Пусть отдадут меня стихиям! Птица
И зверь, огонь и ветер, и земля
Разделят прах мой, и душа моя
С душой вселенной, как эфир с эфиром,
Сольется и развеется над миром!..
Пускай от сердца, полного тоской
И желчью тайных тщетных сожалений,
Подобно чаше, ядом налитой,
Следов не остается… Без волнений
Я выпил яд по капле, ни одной
Не уронил; но люди не видали
В лице моем ни страха, ни печали,
И говорили хладно: он привык.
И с той поры я облил свой язык
Тем самым ядом, и по праву мести
Стал унижать толпу под видом лести…
Но кончим этот скучный эпизод
И обратимся к нашему герою.
До этих пор он не имел забот
Житейских и невинною душою
Искал страстей, как пищи. Длинный год
Провел он средь тетрадей, книг, историй,
Грамматик, географий и теорий
Всех философий мира. Пять систем
Имел маркиз, а на вопрос: зачем?
Он отвечал вам гордо и свободно:
«Monsieur, c'est mon affaire»[3] – так мне угодно!

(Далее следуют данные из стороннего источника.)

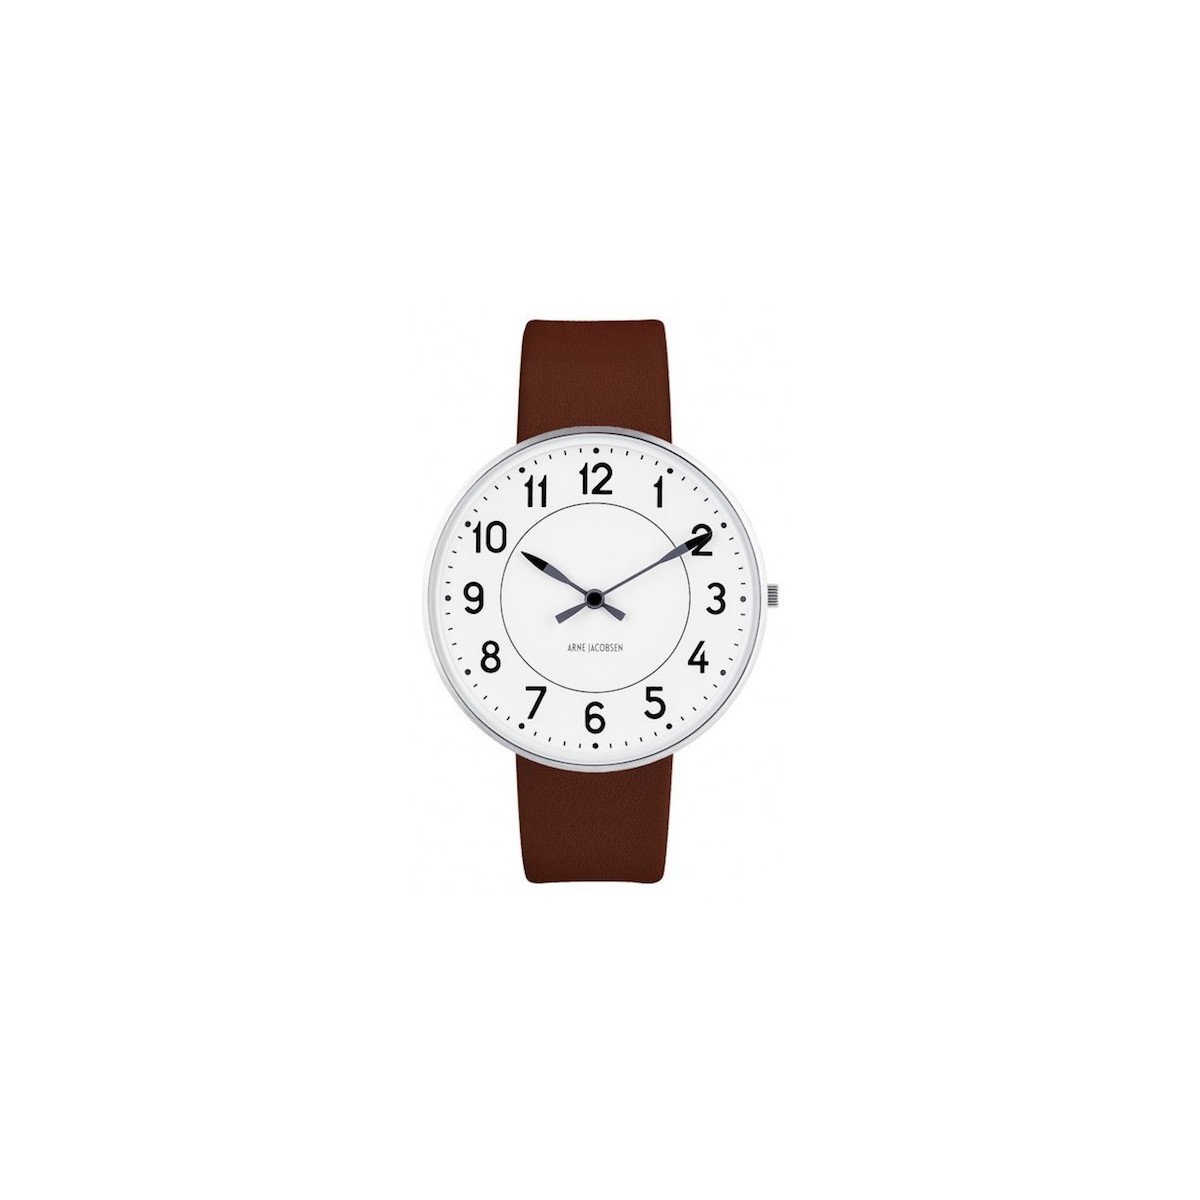 ÉPUISÉ Ø40mm - bracelet cuir marron / fond blanc / cadre métal brossé - montre Station

Но Саша не внимал его словам, —
Рассеянно в тетради над строками
Его рука чертила здесь и там
Какой-то женский профиль, и очами,
Горящими подобно двум звездам,
Он долго на него взирал и нежно
Вздыхал и хоронил его прилежно
Между листов, как тайный милый клад,
Залог надежд и будущих наград,
Как прячут иногда сухую травку,
Перо, записку, ленту иль булавку…
Но кто ж она? Что пользы ей вскружить
Неопытную голову, впервые
Сердечный мир дыханьем возмутить
И взволновать надежды огневые?
К чему?.. Он слишком молод, чтоб любить,
Со всем искусством древнего Фоблаза.
Его любовь, как снег вершин Кавказа,
Чиста, – тепла, как небо южных стран…
Ему ль платить обманом за обман?..
Но кто ж она? – Не модная вертушка,
А просто дочь буфетчика, Маврушка…
И Саша был четырнадцати лет.
Он привыкал (скажу вам под секретом,
Хоть важности большой во всем том нет)
Толкаться меж служанок. Часто летом,
Когда луна бросала томный свет
На тихий сад, на свод густых акаций,
И с шопотом толпа домашних граций
В аллее кралась, – легкою стопой
Он догонял их; и, шутя, порой,
Его невинность (вы поймете сами)
Они дразнили дерзкими перстами.
Но между них он отличал одну:
В ней было всё, что увлекает душу,
Волнует мысли и мешает сну.
Но я, друзья, покой ваш не нарушу
И на портрет накину пелену.
Ее любил мой Саша той любовью,
Которая по жилам с юной кровью
Течет огнем, клокочет и кипит.
Боролись в нем желание и стыд;
Он долго думал, как в любви открыться, —
Но надобно ж на что-нибудь решиться.
И мудрено ль? Четырнадцати лет
Я сам страдал от каждой женской рожи
И простодушно уверял весь свет,
Что друг на дружку все они похожи.
Волнующихся персей нежный цвет
И алых уст горячее дыханье
Во мне рождали чудные желанья;
Я трепетал, когда моя рука
Атласных плеч касалася слегка,
Но лишь в мечтах я видел без покрова
Всё, что для вас, конечно, уж не ново…
Он потерял и сон и аппетит,
Молчал весь день и бредил в ночь, бывало,
По коридору бродит и грустит,
И ждет, чтоб платье мимо прожужжало,
Чтоб ясный взор мелькнул… Суровый вид
Приняв, он иногда улыбкой хладной
Ответствовал на взор ее отрадный…
Любовь же неизбежна, как судьба,
А с сердцем страх невыгодна борьба!
Итак, мой Саша кончил с ним возиться
И положил с Маврушей объясниться.
Случилось это летом, в знойный день.
По мостовой широкими клубами
Вилася пыль. От труб высоких тень
Ложилася на крышах полосами,
И пар с камней струился. Сон и лень
Вполне Симбирском овладели; даже
Катилась Волга медленней и глаже.
В саду, в беседке темной и сырой,
Лежал полураздетый наш герой
И размышлял о тайне съединенья
Двух душ, – предмет достойный размышленья.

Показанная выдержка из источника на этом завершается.